FIGURE 2.

VSFP probes of membrane potential. Different variants of VSFPs contain a combination of a voltage-sensing domain and either a pair of donor and acceptor fluorescent proteins for FRET-based monitoring or a single fluorescent protein for intensity-based recording. One fluorescent protein is attached to the fourth transmembrane segment (gray rectangles, nr. 4) of the C. intestinalis voltage sensor-containing phosphatase (Ci-VSP), which comprises transmembrane motifs S1 to S4 that coordinately operate as the voltage-sensing domain. (A,B) In the two FRET-based systems, VSFP2.3 and VSFP2.4, illumination with the excitation wavelength of the donor protein results in fluorescence primarily at the donor wavelength under resting conditions (left). A change in the membrane potential (δV) allows energy transfer between the two fluorescent proteins, perhaps by aligning them more favorably, such that increased fluorescence of the acceptor protein is observed concomitantly with decreased fluorescence of the donor protein (right). In VSFP2.3, the donor and acceptor fluorescent proteins are mCerulean and citrine, respectively.

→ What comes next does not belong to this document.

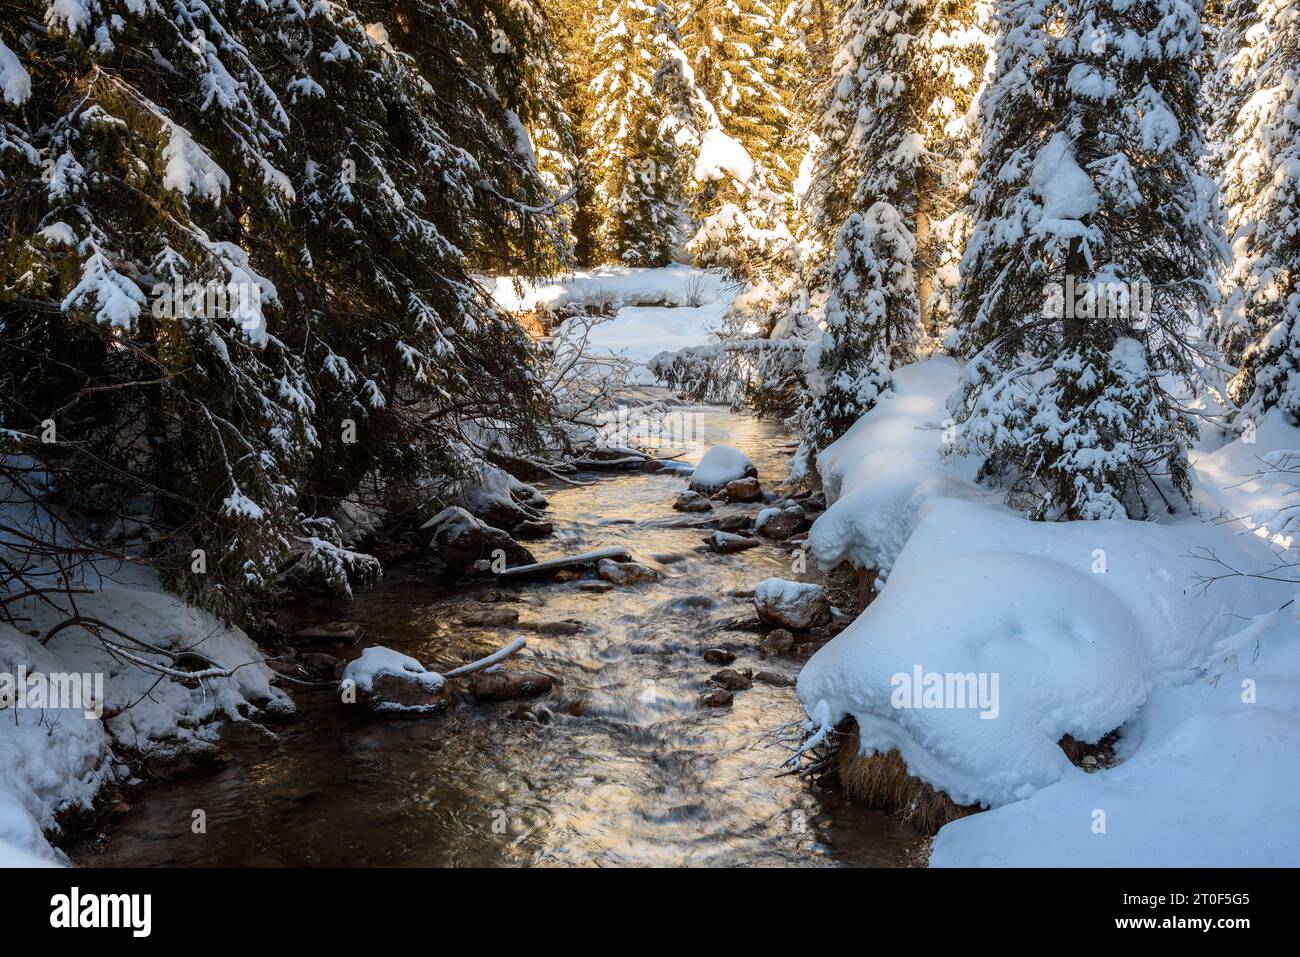 Mountain stream through a snowy alpine forest at sunset in winter Stock Photo

In VSFP2.4, the donor and acceptor fluorescent proteins are mCitrine and mKate2, respectively (Akemann et al., 2010). The approximate excitation and emission wavelengths of these proteins are shown. (C) In the intensity-based probe, VSFP3.1TagRFP, a decrease in membrane potential leads to an enhancement of fluorescence intensity from the fluorescent protein, in this case monomeric TagRFP. The figure is based on previously published ones (Perron et al., 2012; Mutoh and Knoepfel, 2013).